● **Data provided**:
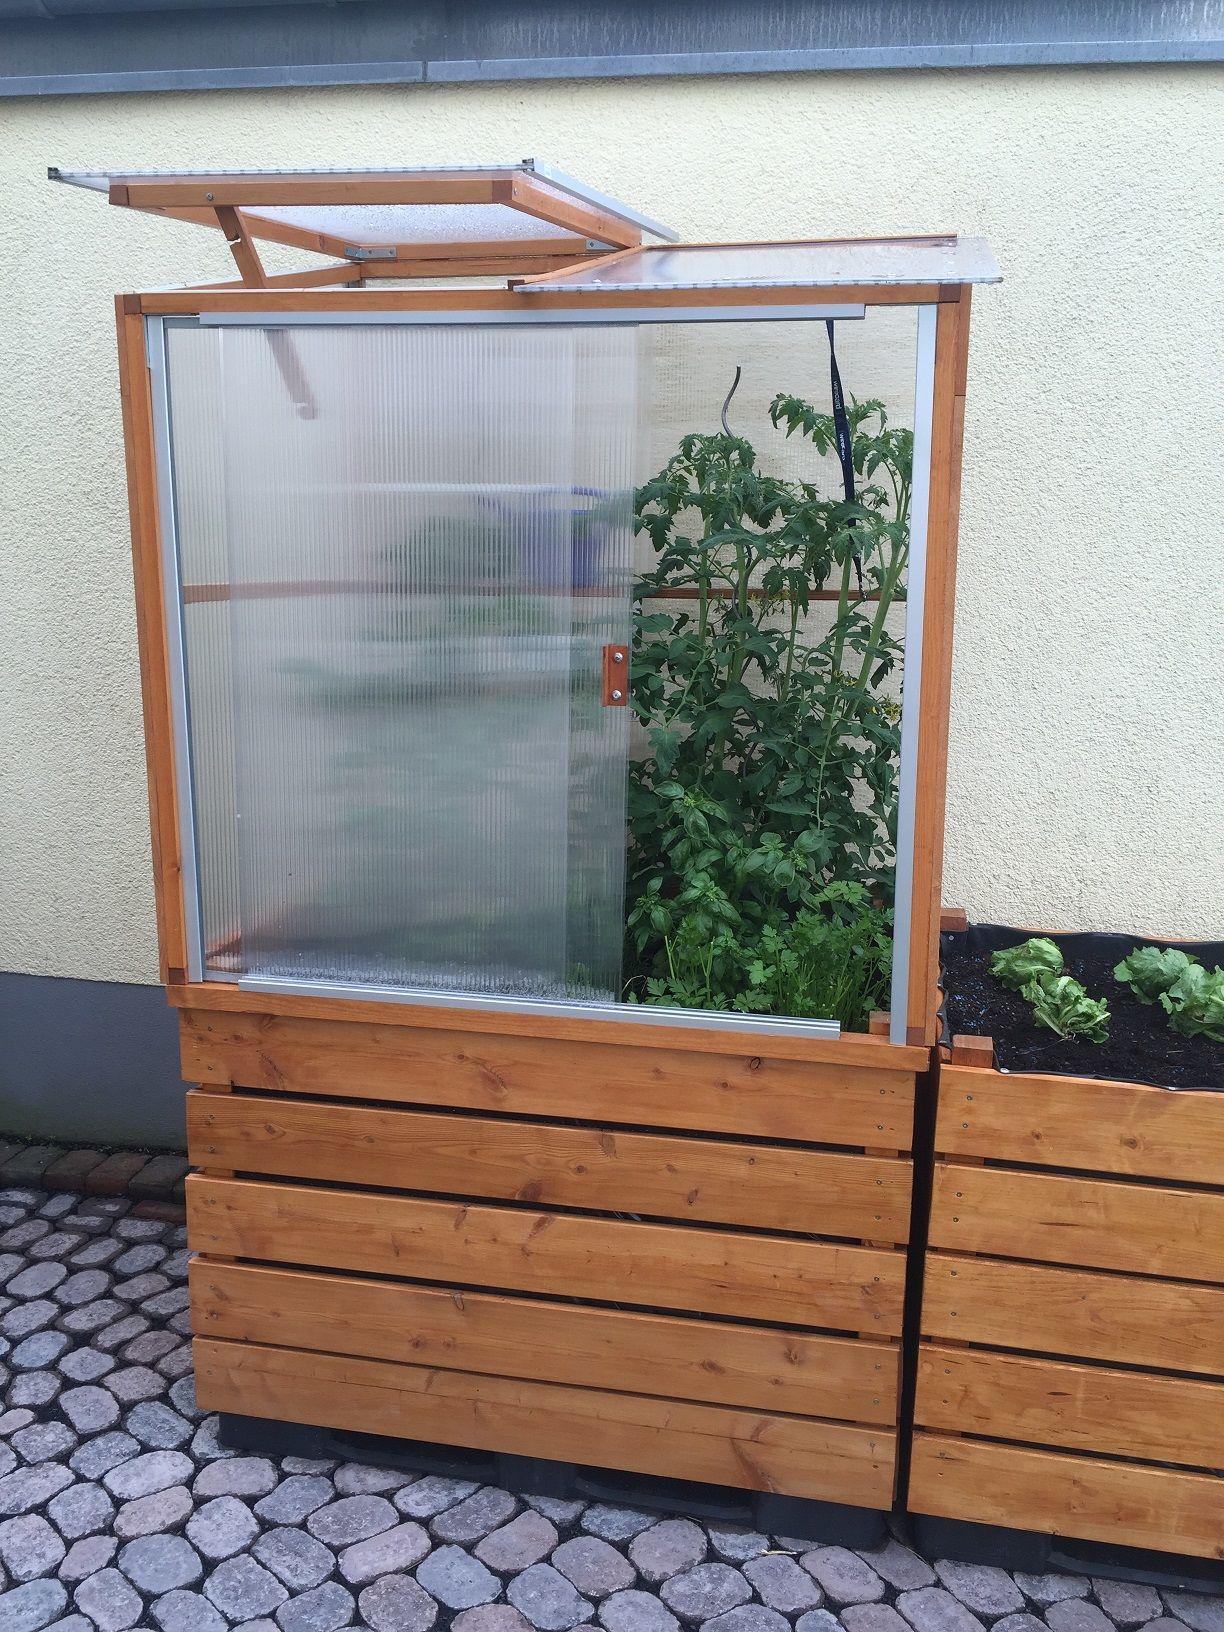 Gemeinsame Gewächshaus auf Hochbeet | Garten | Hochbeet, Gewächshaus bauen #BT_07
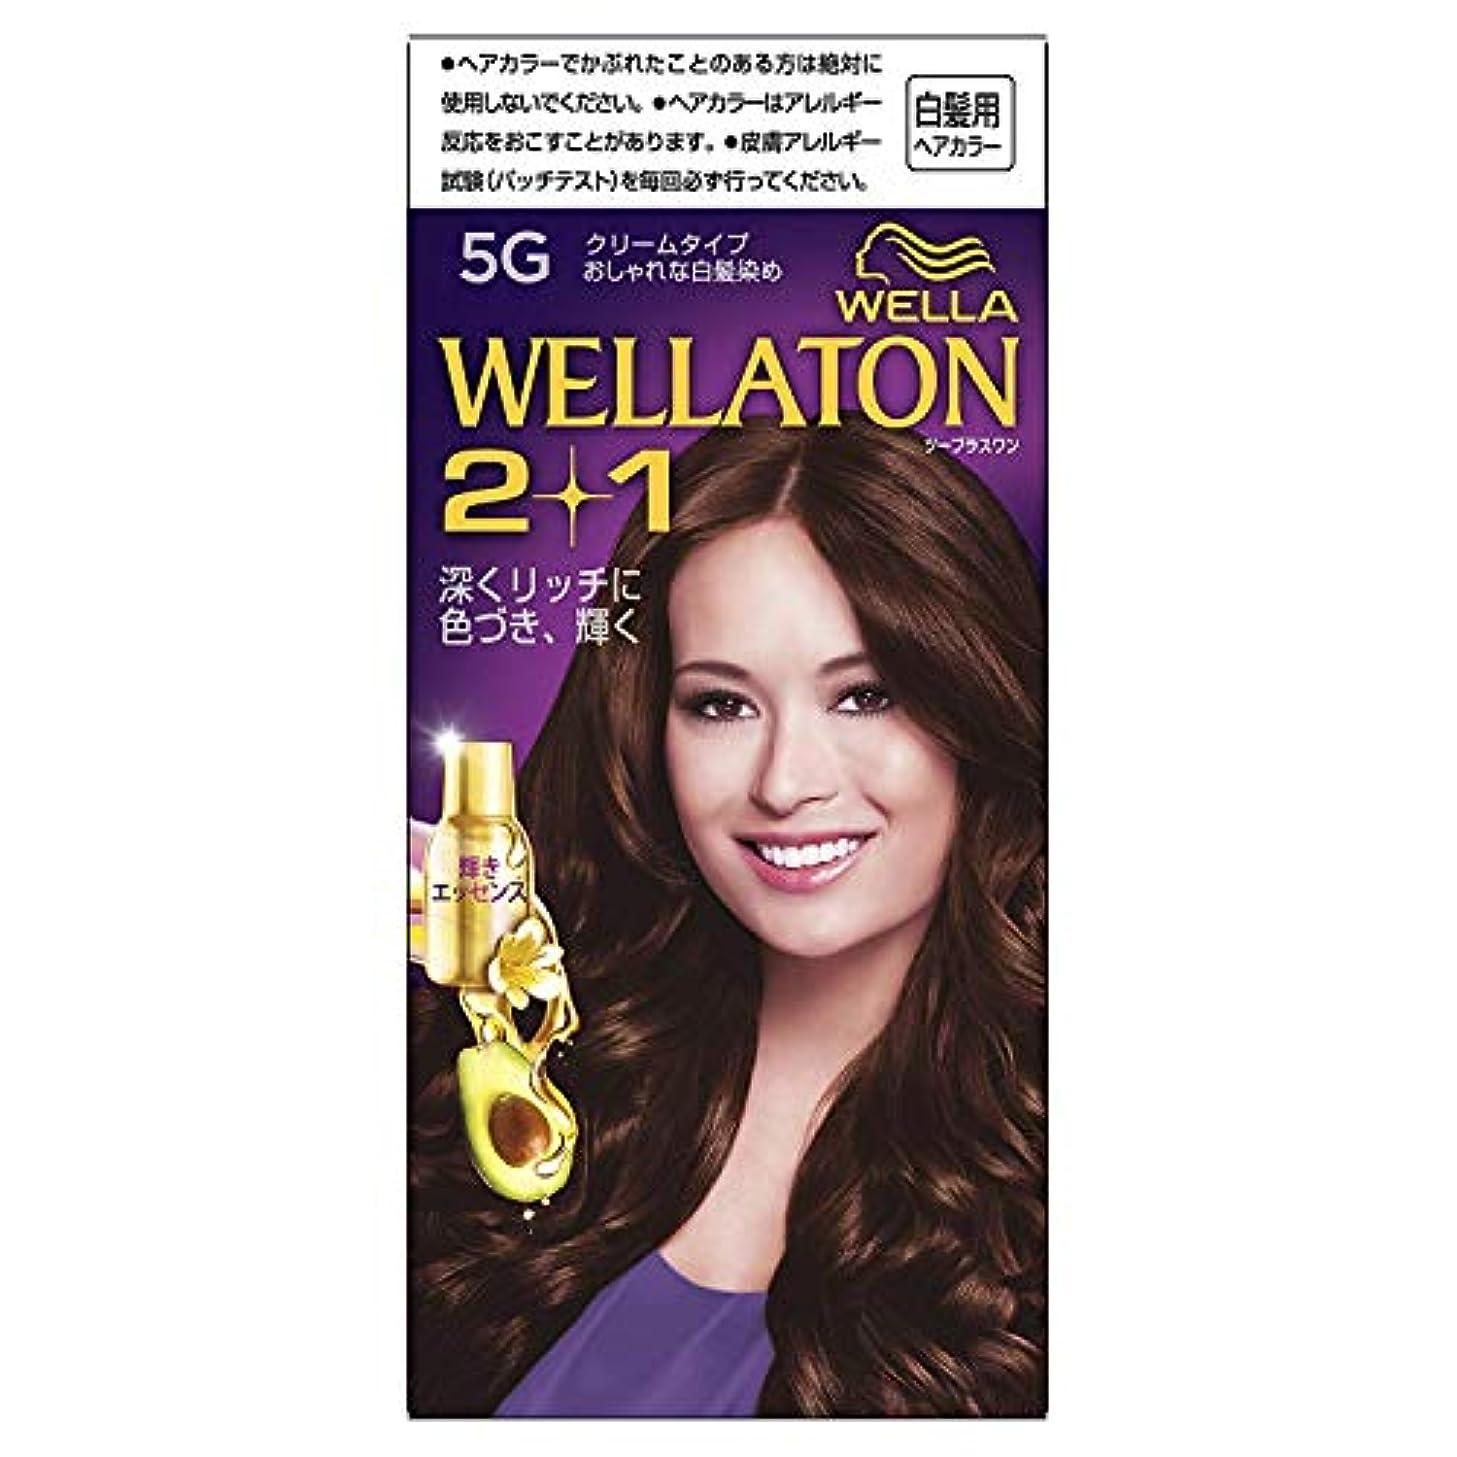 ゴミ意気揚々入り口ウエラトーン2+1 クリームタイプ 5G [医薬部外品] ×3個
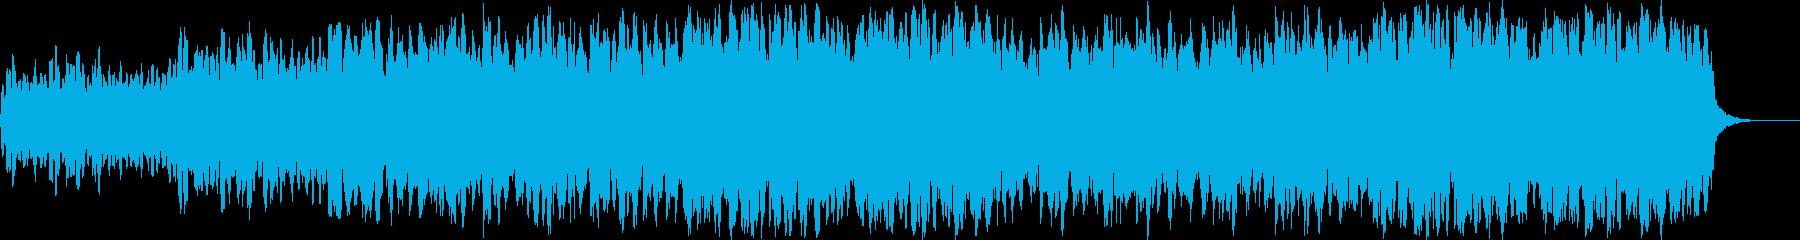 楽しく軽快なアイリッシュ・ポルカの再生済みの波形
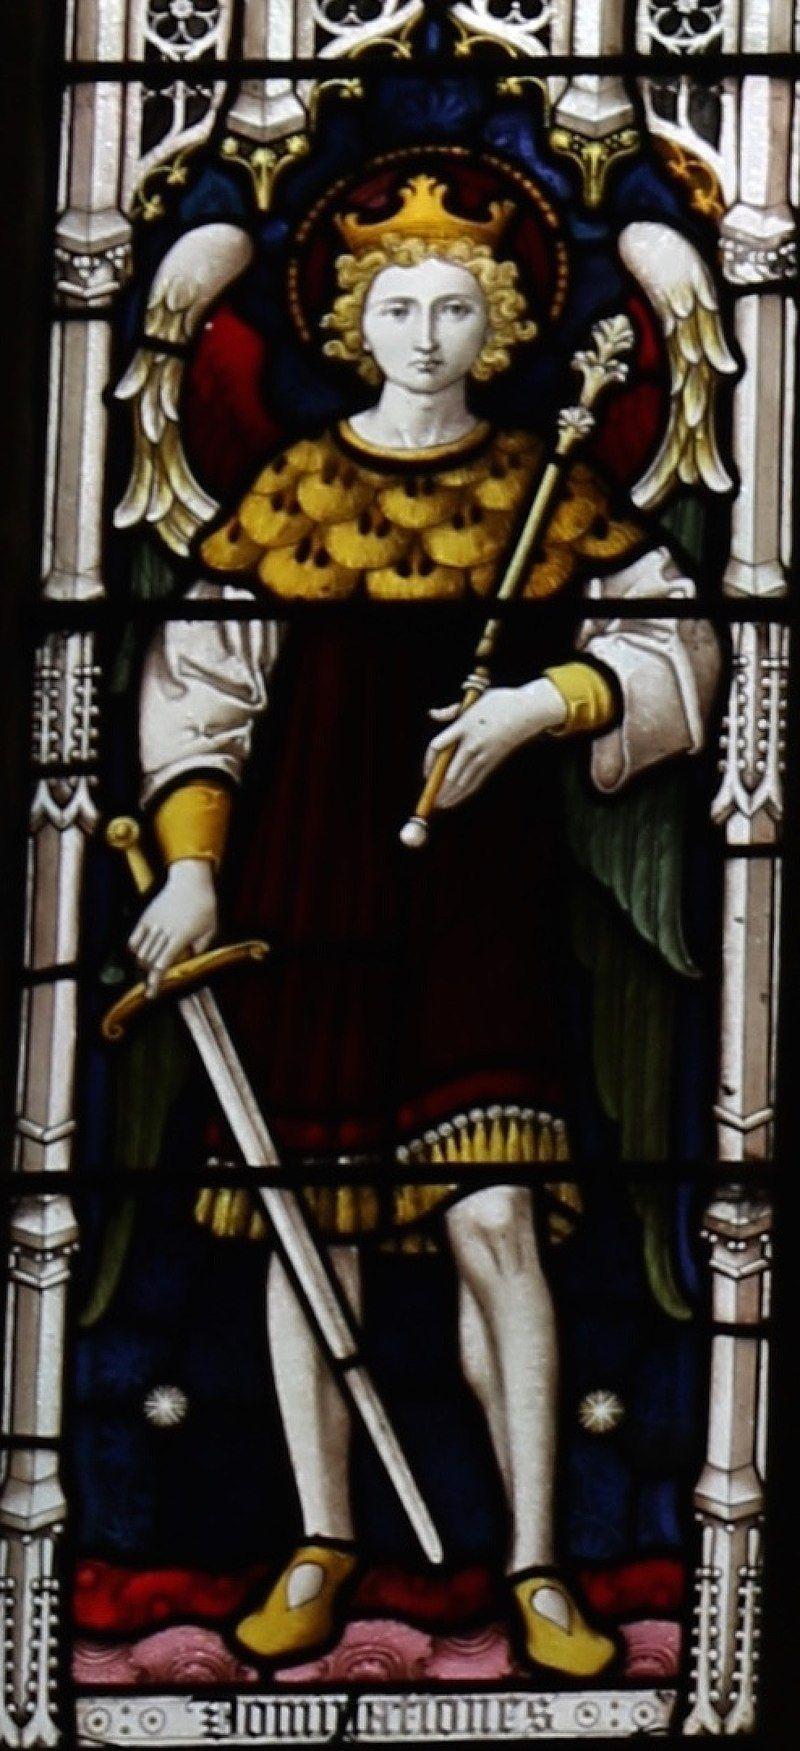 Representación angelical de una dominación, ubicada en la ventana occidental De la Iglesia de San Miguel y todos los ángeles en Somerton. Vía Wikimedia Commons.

● **Exercise details**:
Reproduce the entire listing exactly, except for any pictures it contains.

● **Answer to this exercise**:
 Gemeinsame Gewächshaus auf Hochbeet | Garten | Hochbeet, Gewächshaus bauen #BT_07
 ゴミ意気揚々入り口ウエラトーン2+1 クリームタイプ 5G [医薬部外品] ×3個
 楽しく軽快なアイリッシュ・ポルカの再生済みの波形
 Representación angelical de una dominación, ubicada en la ventana occidental De la Iglesia de San Miguel y todos los ángeles en Somerton. Vía Wikimedia Commons.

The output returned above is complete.